I am not sure of what other chartists think about the charts of US indices; for me, though, they still look somewhat okay. They have been in parallel channels, and the recent drop looks like a simple technical correction. Problem comes in when the indices’ levels stay clearly below the upward channels. That will be considered a breakout from a channel towards the downside. Now, a worrying sign has appeared on the SP 500: the 50-day moving average has just crossed below the 200-day MA.


Next up, we have the Dow Industrials. Just like the other US indices, we have a long, nice upward parallel channel. The index is testing (strictly speaking, below) the bottom of the channel. A test will not take weeks/months. So the bottomline here is, we are at an important time in the markets now. If we continue cracking down, this may be the beginning of a bear market.

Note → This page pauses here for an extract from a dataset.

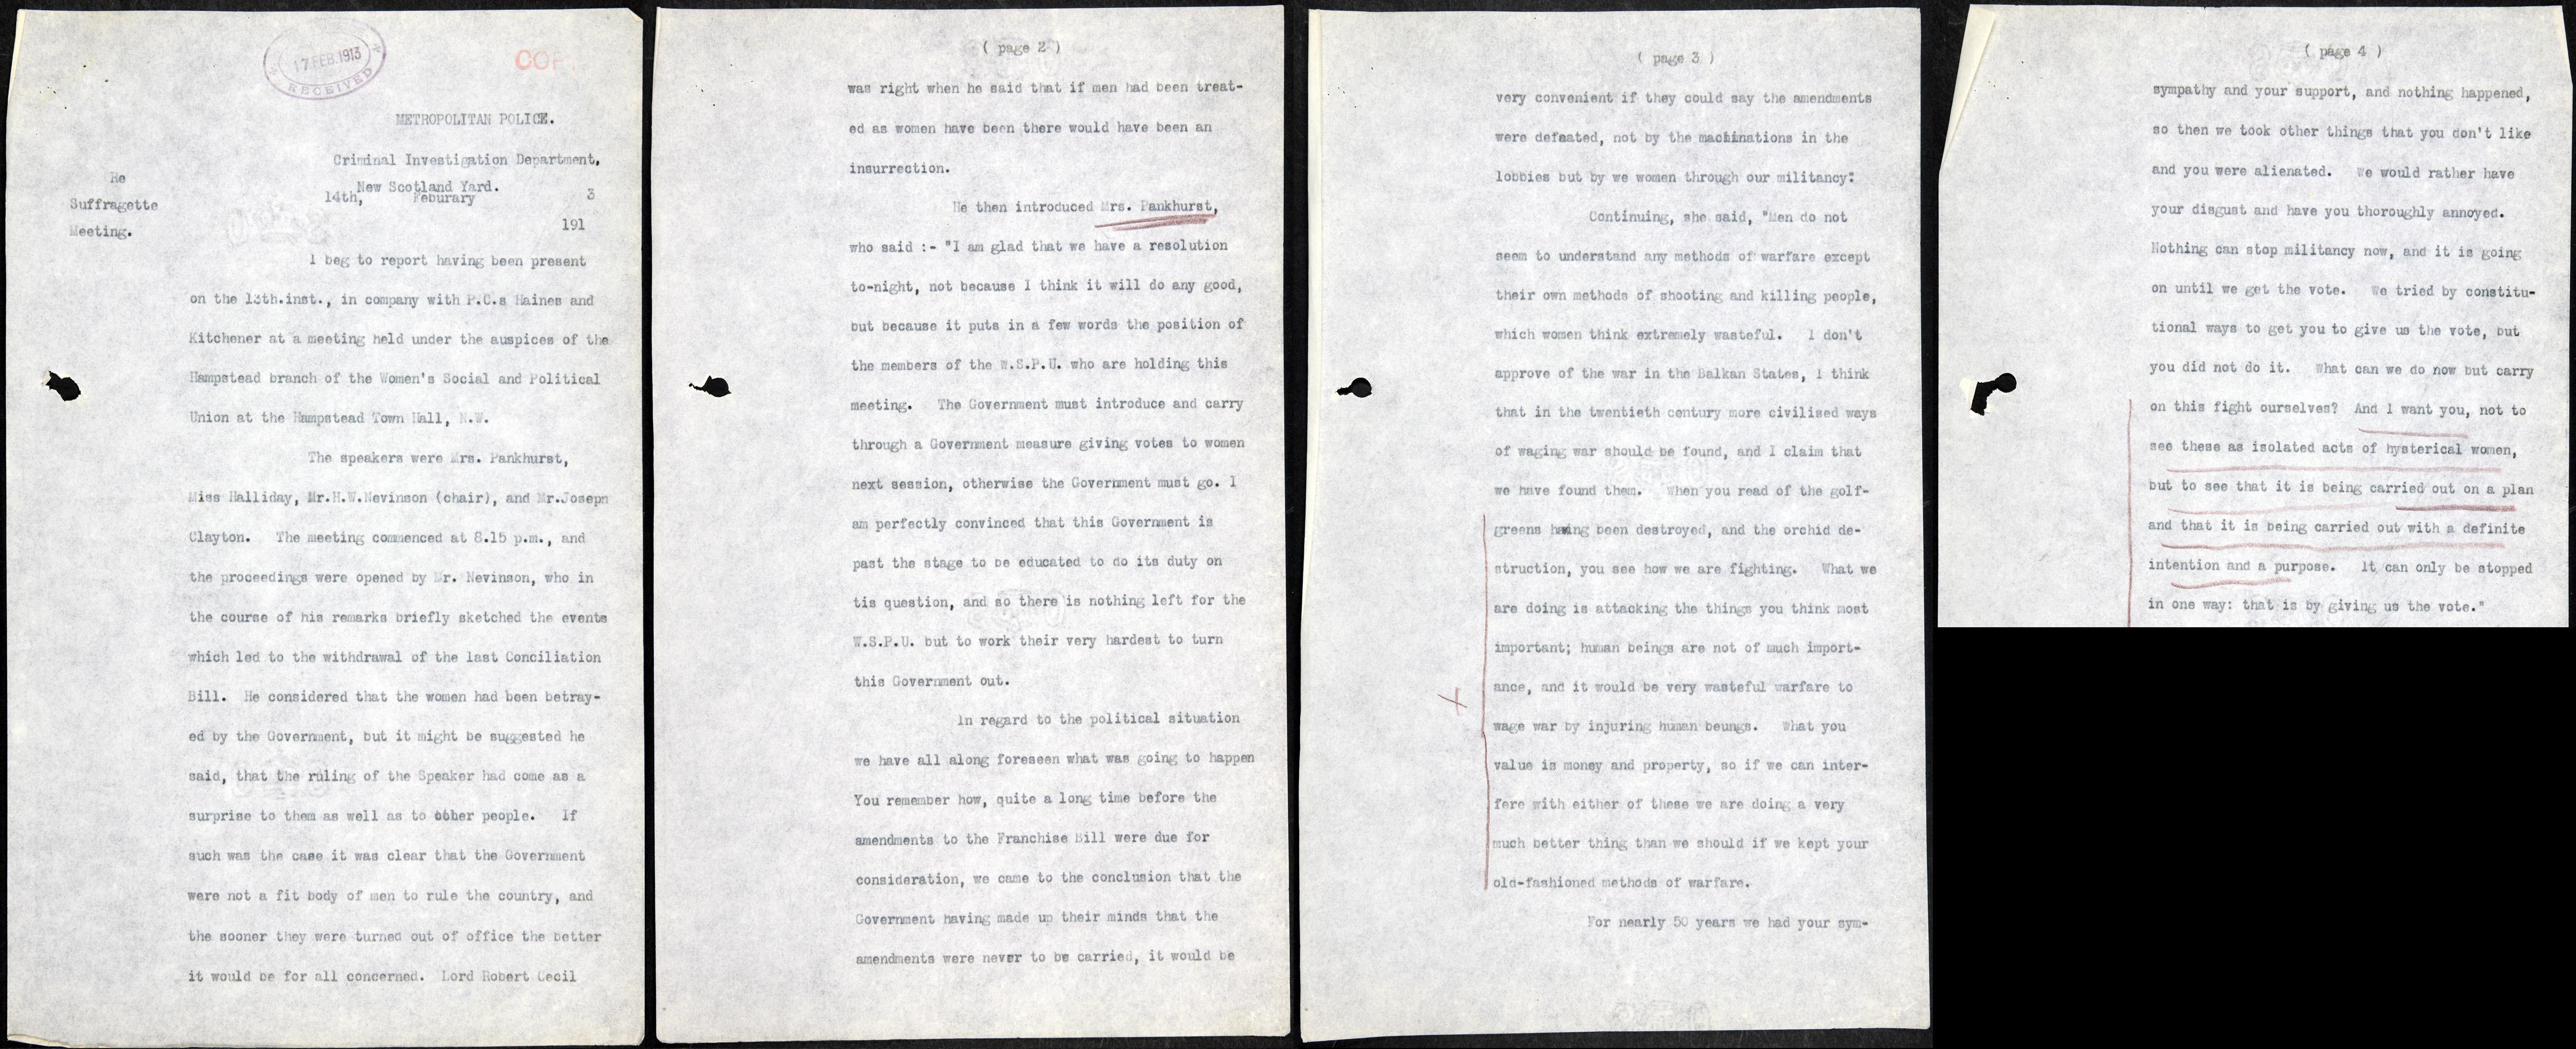 HO45/10695/231366 Speech of Mrs Pankhurst

For the sake of using another chart, instead of the same 2 as above, I have chosen to look at the Russell 2000 (Russell’s index series is used for small- or mid – cap US stocks) to illustrate how a chart may look like if selling pressure is due to an expected correction in a bull run.

Try opening the chart below in a new tab as I guide us through the bull run from 2002-2007. On the left side of the chart, the Russell was coming out of a slightly bearish phase. The green arrow you see is how price consolidated in a range before the Russell took off for the start of the multi-year bull run. In the second instance, the Russell 2000 first made a lower low before rallying and making a higher low – this results in a pattern called the inverted head and shoulders, or some of you will see it as a diamond. Third time, price found a floor, and held there until buyers came in.

Next up, I have a chart of the STI.

In the first box, we see a higher low pattern, or some may see it as an inverted head and shoulders. In the second box, we see a fair-sized inverted head and shoulders before the strong run up in the secnd half of 2010.

In conclusion, I am still trying very hard to wave the bull flag; however, as the days go, my bull flag flies lower and lower. I still see hope in the charts. If we do get some sort of consolidation pattern, it will serve as a sign that we can come out of this hole. I leave you with a chart below that shows what I am seeing on my mid-/long-term chart of the STI. The 38.2% retracement level is coming into play.

All analyses, recommendations, discussions and other information herein are published for general information. Readers should not rely solely on the information published on this blog and should seek independent financial advice prior to making any investment decision. The publisher accepts no liability for any loss whatsoever arising from any use of the information published herein.